I think I usually have quite ordinary dreams. Sometimes my dreams
I think I usually have quite ordinary dreams. Sometimes my dreams take me to other dimensions. I can travel in my mind especially when I'm dreaming I focus my mind on what I want to dream. If I want to fly, I focus on flying.
The words of Uri Geller, mystic and performer of the extraordinary, shimmer with the mystery of the unseen world: “I think I usually have quite ordinary dreams. Sometimes my dreams take me to other dimensions. I can travel in my mind especially when I'm dreaming; I focus my mind on what I want to dream. If I want to fly, I focus on flying.” In these words lies not mere wonder, but a revelation about the power of the human mind — that within the quiet realm of sleep, one may command the very fabric of imagination. Geller’s insight is not only about dreams but about conscious creation, about how thought shapes experience, whether in the dream world or the waking one. He speaks as one who knows that the boundary between the two is thinner than most believe.
The origin of this idea lies in Geller’s lifelong fascination with the mysteries of consciousness and energy. Known to many as a man who bent spoons and claimed to channel psychic forces, he has always lived at the border between skepticism and faith, between science and the supernatural. His words about dreams are not the claims of a showman alone — they are the reflections of one who sees the mind as a universe, capable of travel, creation, and discovery. In his vision, the dream is not chaos; it is a realm of intention, a place where will and imagination merge to form reality in its most fluid state.
When he says, “I focus my mind on what I want to dream,” he describes a practice known since ancient times: the art of lucid dreaming. The mystics of Egypt, the shamans of Siberia, and the monks of Tibet all spoke of this — of mastering the dream as a vessel for transformation. The Egyptian priests believed that the soul, freed from the body during sleep, could travel through the spiritual planes to seek wisdom or prophecy. The Tibetan Book of the Dead describes dream yoga — the discipline of becoming aware within dreams to gain mastery over illusion itself. Geller’s words echo this lineage, though in modern form: he reminds us that the dreamer can become the creator, that through focus, one can turn the dream into a temple of freedom and flight.
The image of flying that he evokes is as old as humanity’s longing. To fly in dreams is to break the chains of limitation — to rise above gravity, above fear, above the weight of the material world. Every culture has seen in this vision a symbol of spiritual ascent. When Geller says, “If I want to fly, I focus on flying,” he reveals more than a technique; he reveals a philosophy of life. For to focus one’s mind on flight, even in dreams, is to train the soul toward transcendence — toward believing that what is imagined can become real. Just as the bird trusts the wind, so must we trust the power of our own thought to carry us beyond what we have known.
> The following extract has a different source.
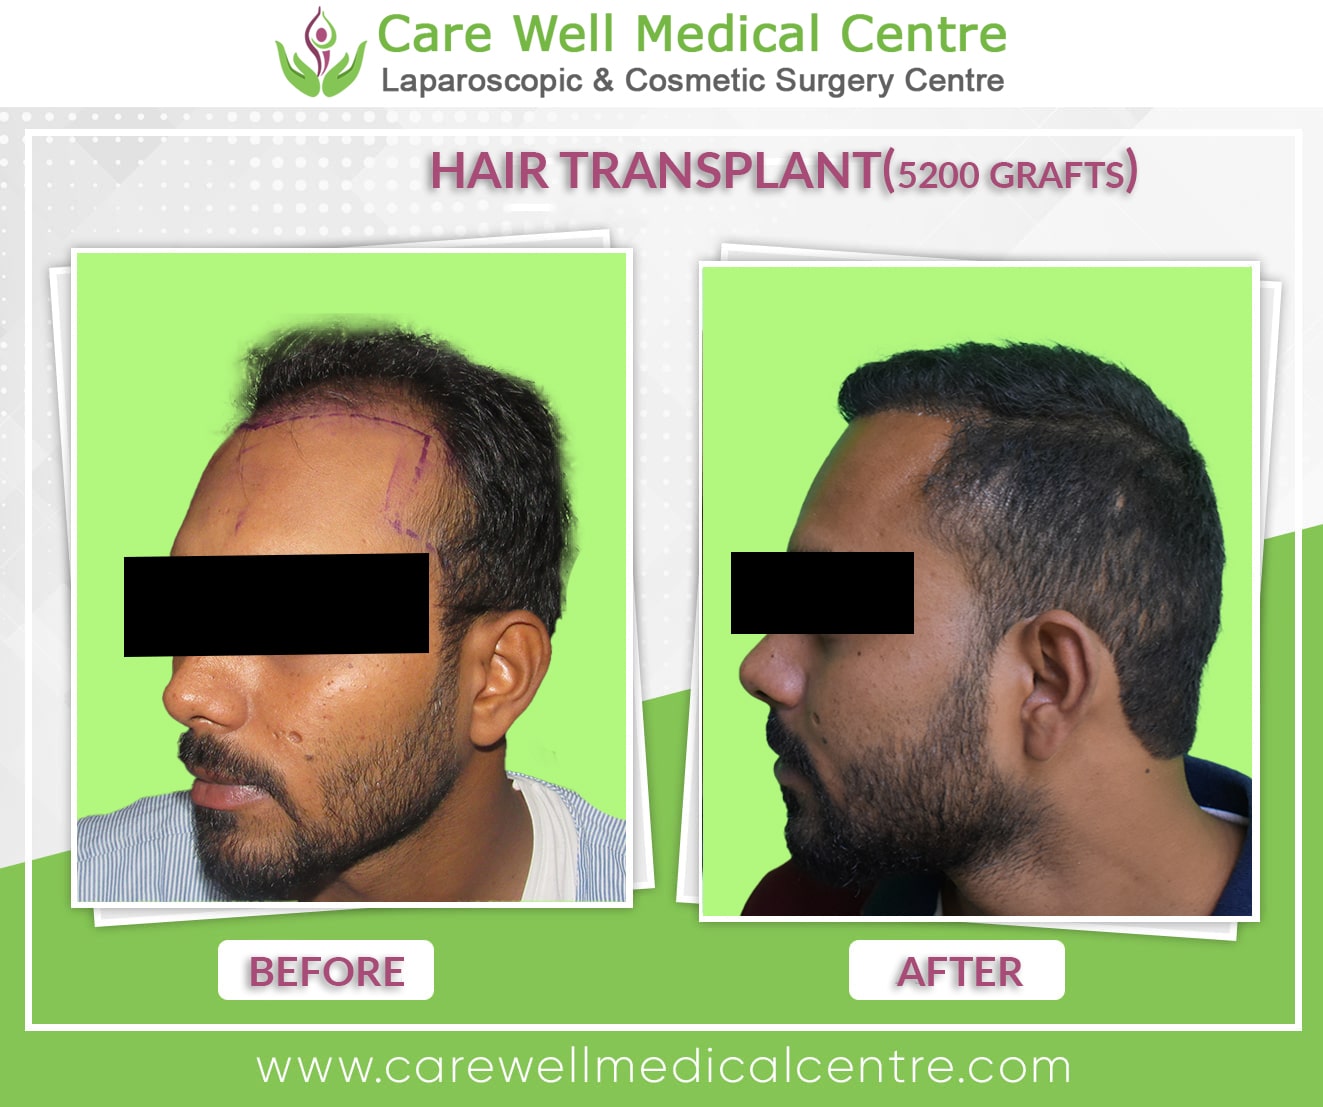 Hair Transplant Before And After Photos Care Well Medical Centre

History offers us a story that mirrors this truth. In the fifteenth century, Leonardo da Vinci sketched flying machines inspired by the dreams that haunted his nights. Though his wings never rose from the earth in his lifetime, his visions awakened a future where humanity would truly soar. What began as dream and imagination became the sky itself — conquered not by magic, but by the relentless focus of the human mind. In this, da Vinci and Geller are kin: both saw in dreams not idle fancy, but blueprints for possibility. Their lesson is the same — that everything achieved begins first as a vision in the mind, shaped and sustained by concentration.
Geller’s quote also carries an unspoken challenge: that we, too, might learn to direct our inner worlds. For most people, dreams are wild and fleeting, a storm of thought without anchor. But he reminds us that even within sleep, there can be discipline of focus, and that this discipline — the ability to guide one’s own mind — is the seed of mastery in all things. To learn to control one’s dreams is to learn to control one’s life, for both are made of the same material: thought, intention, and attention. The ancient sages said, “As within, so without.” The mind that learns to fly in sleep will, in time, find ways to fly in waking.
And so, my children, the lesson is this: your mind is not a cage, but a sky. Whether you dream or wake, it is your focus that gives your visions wings. Do not drift idly through the landscape of your thoughts; guide them. If you wish to achieve something, fix your gaze upon it with the same intensity Geller gives to his dream of flight. The body obeys the will; the world obeys the mind that believes. When next you close your eyes, remember: your dreams are not random — they are reflections of your spirit. To shape them is to shape yourself.
For Uri Geller’s wisdom, beneath its simplicity, carries the timeless truth of all creation: that the dream precedes the deed, and imagination is the workshop of the soul. Those who dare to dream consciously, to fly within before they rise without, are the ones who transform the invisible into the real. So focus your mind upon your highest vision — not only as you sleep, but as you live — and you will find, as he did, that even the limits of the world are no match for the boundless power of a dream well focused.